# Maxim peps?



## joemoney1rock (Mar 18, 2015)

Anyone experimented w them, any feedback on the lgd?

Thanks


----------



## mac10chap (Mar 18, 2015)

I use them for AI's and T3.  Never had an issue with either.  Cant vouch for any other products they offer, but I would not hesitate to purchase from them.


----------



## joemoney1rock (Mar 19, 2015)

mac10chap said:


> I use them for AI's and T3.  Never had an issue with either.  Cant vouch for any other products they offer, but I would not hesitate to purchase from them.



Thanks for the reply brotha...


----------



## joemoney1rock (Mar 19, 2015)

mac10chap said:


> I use them for AI's and T3.  Never had an issue with either.  Cant vouch for any other products they offer, but I would not hesitate to purchase from them.

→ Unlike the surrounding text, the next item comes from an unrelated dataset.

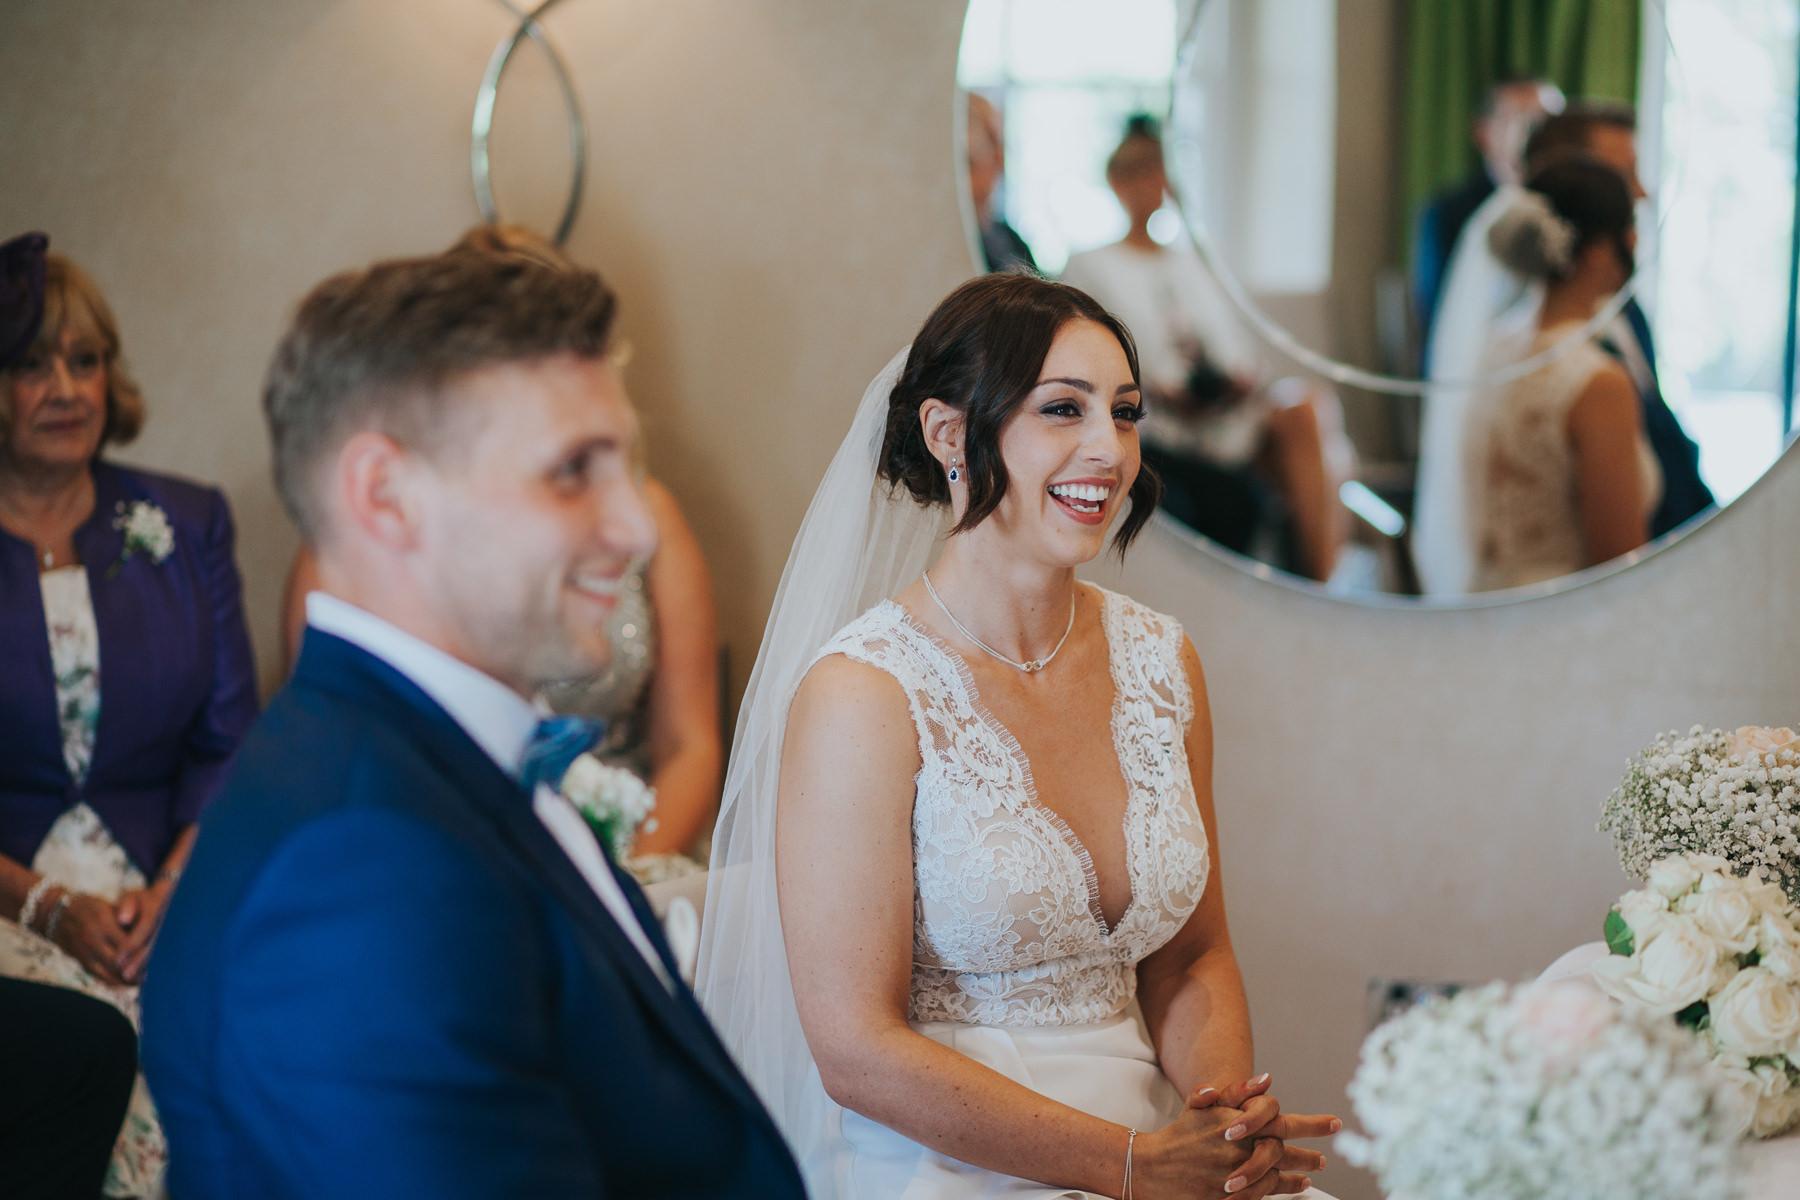 The Bingham Wedding Photographer London--groom bride marriage ceremony-CRL-145.jpg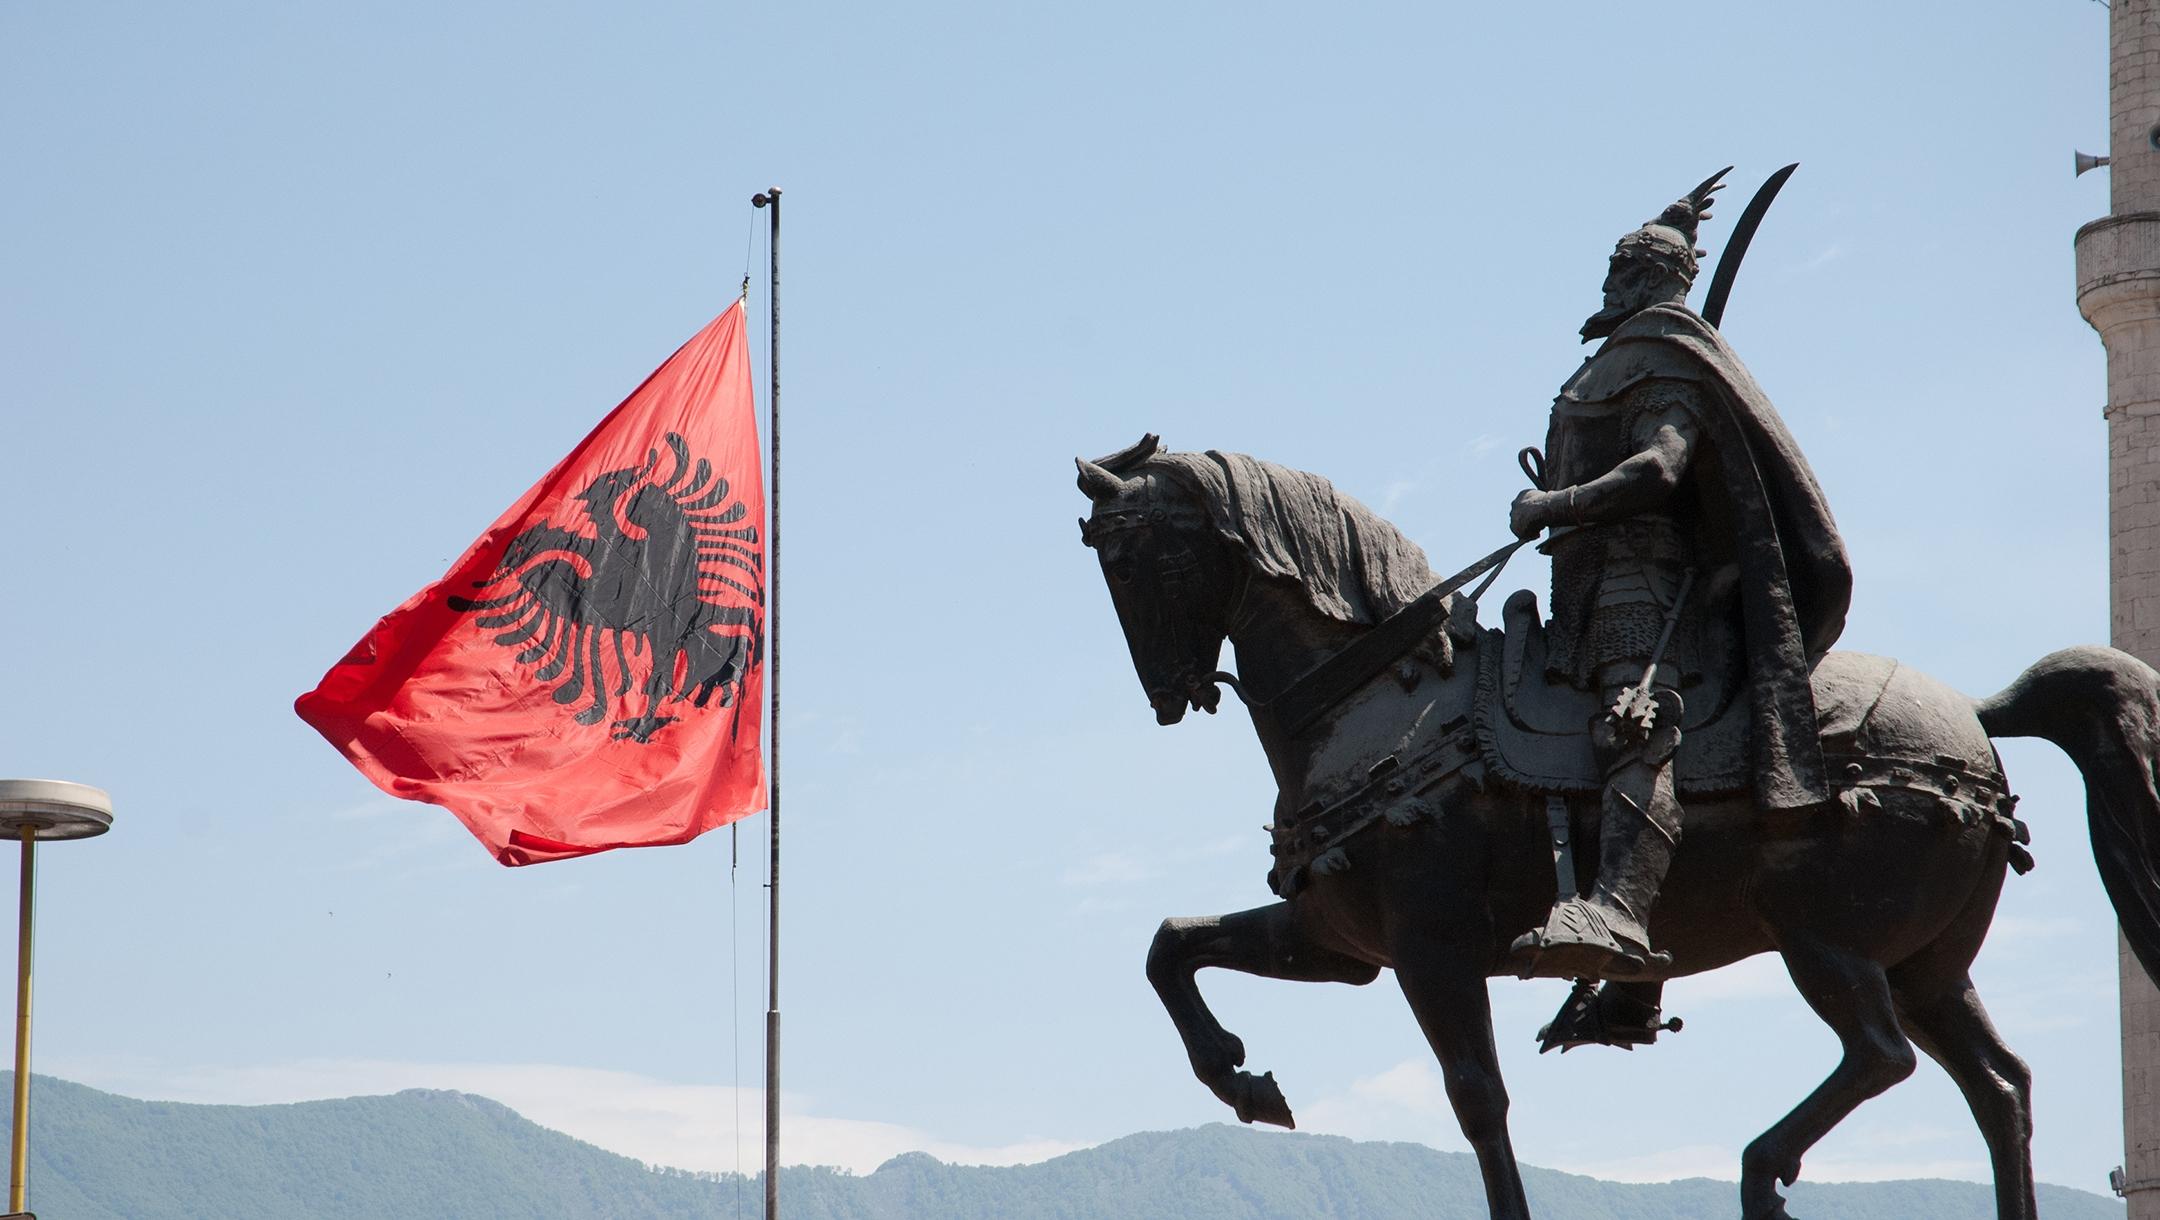 Albania adopts International Holocaust Remembrance Alliance's definition of anti-Semitism

AI's similar to formeron/formestane?
Any other chems/liquids you'd recommend?


----------



## mac10chap (Mar 19, 2015)

joemoney1rock said:


> Thanks for the reply brotha...



No problem.



joemoney1rock said:


> AI's similar to formeron/formestane?
> Any other chems/liquids you'd recommend?



I'm using Exemestane.  What are you wanting to achieve before I can recommend any chems or liquids.


----------



## joemoney1rock (Mar 19, 2015)

mac10chap said:


> No problem.
> 
> 
> 
> I'm using Exemestane.  What are you wanting to achieve before I can recommend any chems or liquids.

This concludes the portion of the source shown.